For further multiples of p, we get another Fibonacci summand in the exponent, so

            n/p
v_p(F(n)) =  ∑ Fib(n + 1 - k*p)
            k=1

-- until n >= p², because multiples of p² contribute two to the exponent, and the corresponding summand would have to be multiplied by 2; for multiples of p³, by 3 etc.

One can also split the contributions of multiples of higher powers of p, so one would get one Fibonacci summand due to it being a multiple of p, one for it being a multiple of p², one for being a multiple of p³ etc, that yields

              n/p                    n/p²                    n/p³
v_p(F(n)) =    ∑ Fib(n + 1 - k*p)  +  ∑ Fib(n + 1 - k*p²)  +  ∑ Fib(n + 1 - k*p³)  + ...
              k=1                    k=1                     k=1

Now, in particular for the smaller primes, these sums have a lot of terms, and computing them that way would be slow.
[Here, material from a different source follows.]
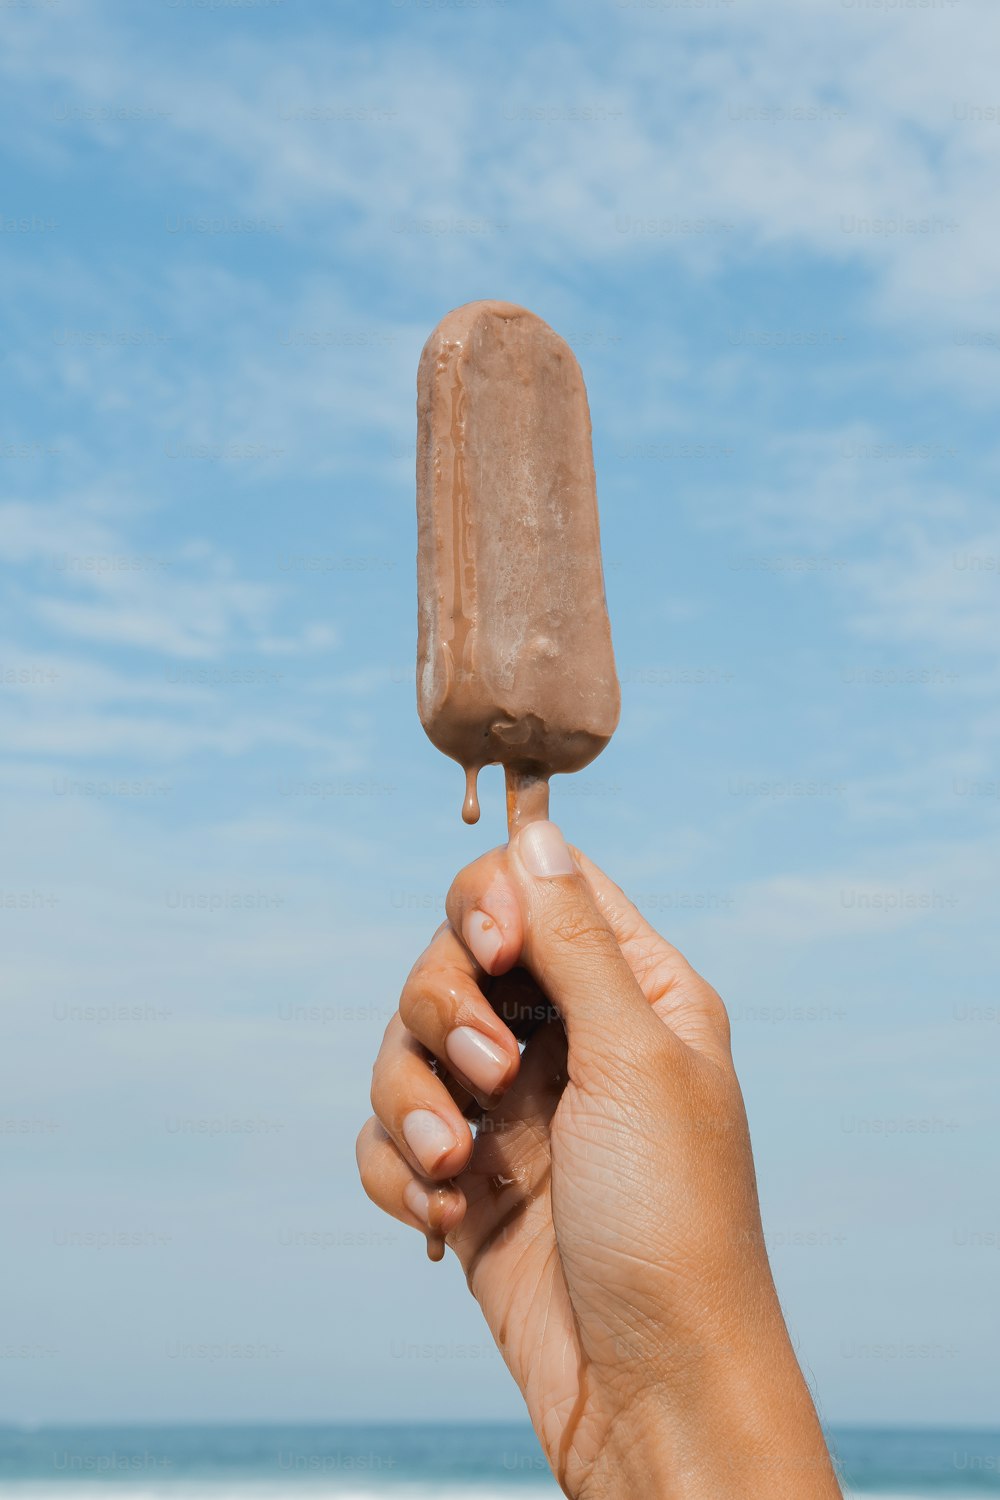 a hand holding a chocolate ice cream on a stick

Fortunately, there is a closed formula for sums of Fibonacci numbers whose indices are an arithmetic progression, for 0 < a <= s

 m
 ∑ Fib(a + k*s) = (Fib(a + (m+1)*s) - (-1)^s * Fib(a + m*s) - (-1)^a * Fib(s - a) - Fib(a)) / D(s)
k=0

where

D(s) = Luc(s) - 1 - (-1)^s

and Luc(k) is the k-th Lucas number, Luc(k) = Fib(k+1) + Fib(k-1).

For our purposes, we only need the Fibonacci numbers modulo 10^9 + 7, then the division must be replaced by a multiplication with the modular inverse of D(s).

Using these facts, the number of divisors of F(n) modulo 10^9+7 can be computed in the allowed time for n <= 10^6 (about 0.06 seconds on my old 32-bit box), although with Python, on the testing machines, further optimisations might be necessary.